Mata-mata China Bergerilya di LinkedIn
Intelijen AS pun bergerilya dan menemukan indikasi penggunaan media sosial LinkedIn oleh agen asing untuk melakukan mata-mata.
Ketika China Merekrut Mata-mata Lewat LinkedIn

Intelijen AS pun bergerilya dan menemukan indikasi penggunaan media sosial LinkedIn oleh agen asing untuk melakukan mata-mata.

Andi Nugroho | Rabu, 11 September 2019 - 16:15 WIB

Washington, Cyberthreat.id – Jika suatu kali ada seseorang di media sosial menawari Anda sebuah hadiah pergi ke luar negeri, apakah Anda menerimanya?

Barangkali Anda akan berpikir dua kali: jangan-jangan ini penipuan?

Namun, jika yang menawari hadiah itu seseorang yang bekerja di sebuah lembaga terkenal, dan teman koneksi di media sosialnya, terlihat sejumlah pejabat penting negara, pasti Anda berpikir lain, bukan?

Dan, inilah kisahnya. Meski telah ditayangkan oleh The New York Times pada akhir Agustus lalu, kisah ini layak untuk Anda perhatikan baik-baik. Suatu saat Anda bisa saja mengalaminya.

Suatu kali, seorang mantan pejabat senior kebijakan luar negeri era Presiden AS Barack Obama menerima pesan dari seseorang di LinkedIn, situs web jejaring sosial berorientasi pada bisnis.
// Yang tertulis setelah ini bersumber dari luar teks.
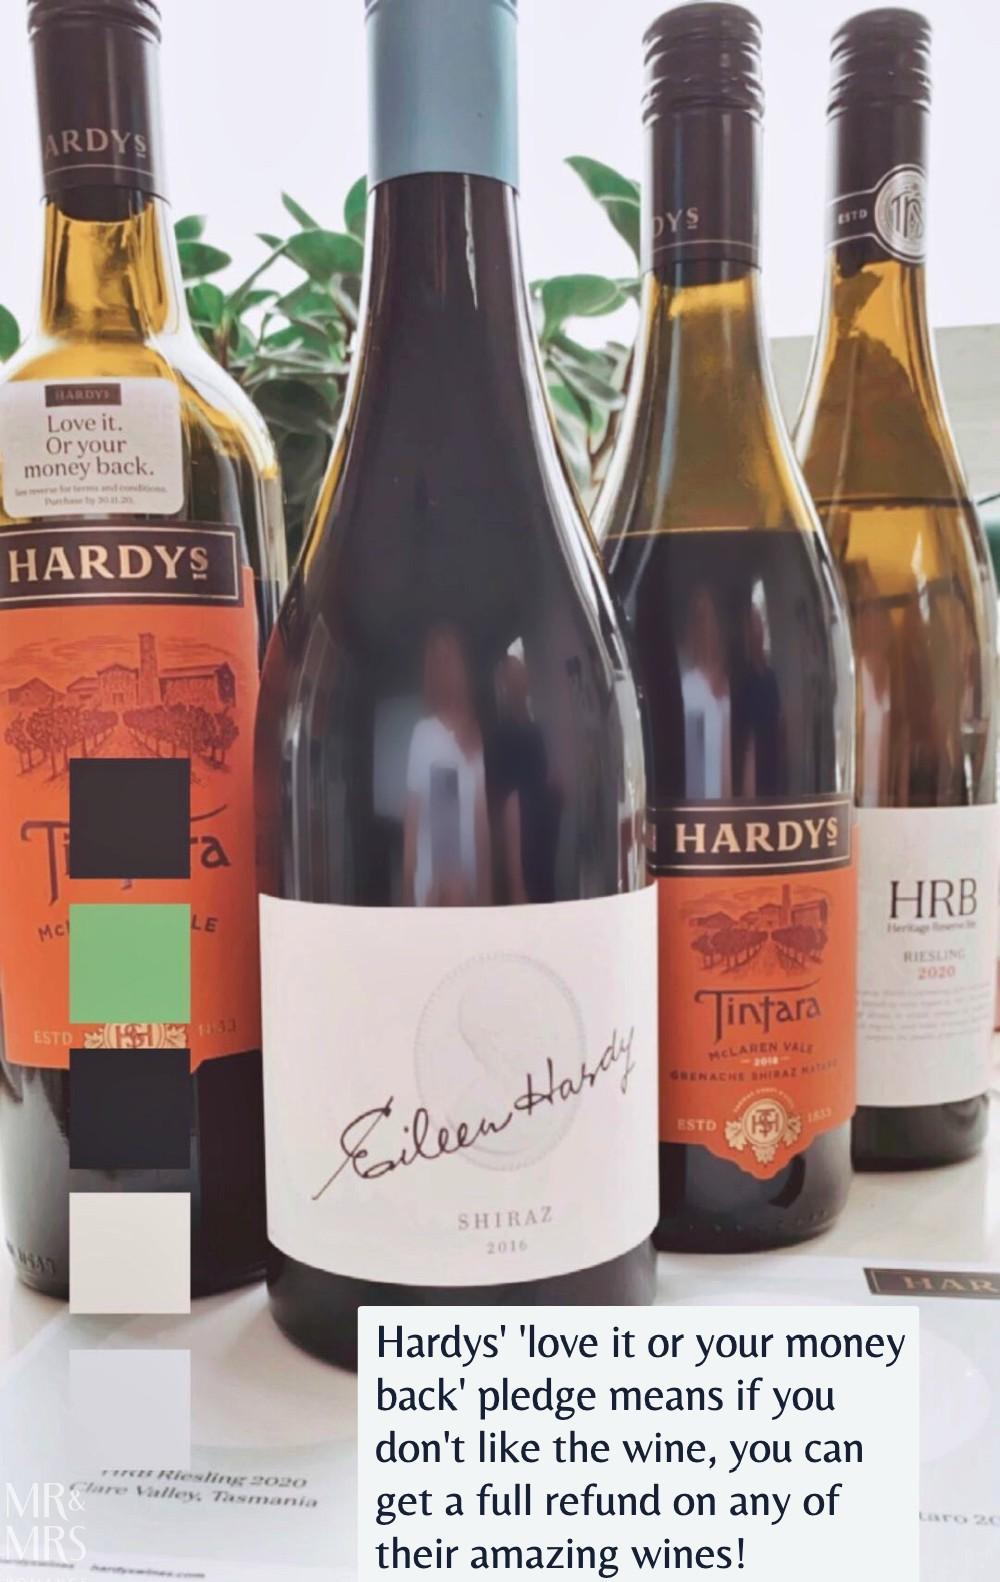 Hardys Wines' love it or your money back pledge

Orang itu menawarkan diri sebuah pekerjaan di China dan tentu saja dengan honor yang menarik.

Mantan pejabat, yang tak mau disebutkan namanya karena takut membahayakan interaksi masa depan yang terkait dengan China, menggambarkan dalam wawancara upaya perekrutan selama berbulan-bulan oleh seseorang yang tampak seperti mata-mata China.

Pada Mei 2017, lima bulan setelah dirinya berhenti dari pekerjaan di Gedung Putih, dan tepat setelah dia melakukan perjalanan ke China, seseorang bernama Robinson Zhang menghubungi melalui LinkedIn.

Foto profil Zhang menampilkan cakrawala Hong Kong, dan dia mengidentifikasi diri sebagai manajer hubungan masyarakat untuk sebuah perusahaan bernama R&C Capital. Dalam sebuah pesan kepada mantan pejabat itu, Zhang menggambarkan R&C sebagai "sebuah perusahaan konsultan internasional yang berbasis di Hong Kong" yang berspesialisasi dalam "investasi global, masalah geopolitik, kebijakan publik, dll."

"Saya cukup terkesan dengan CV Anda dan berpikir Anda mungkin tepat untuk beberapa peluang, yang semuanya dibayar dengan baik," tulis Zhang.

Kata-kata itu mengejutkan si mantan pejabat itu. Akhirnya, ia meminta situs web Zhang. Zhang mengarahkannya ke sebuah situs bergambar Menara Eiffel, tetapi sedikit informasi tentang R&C Capital.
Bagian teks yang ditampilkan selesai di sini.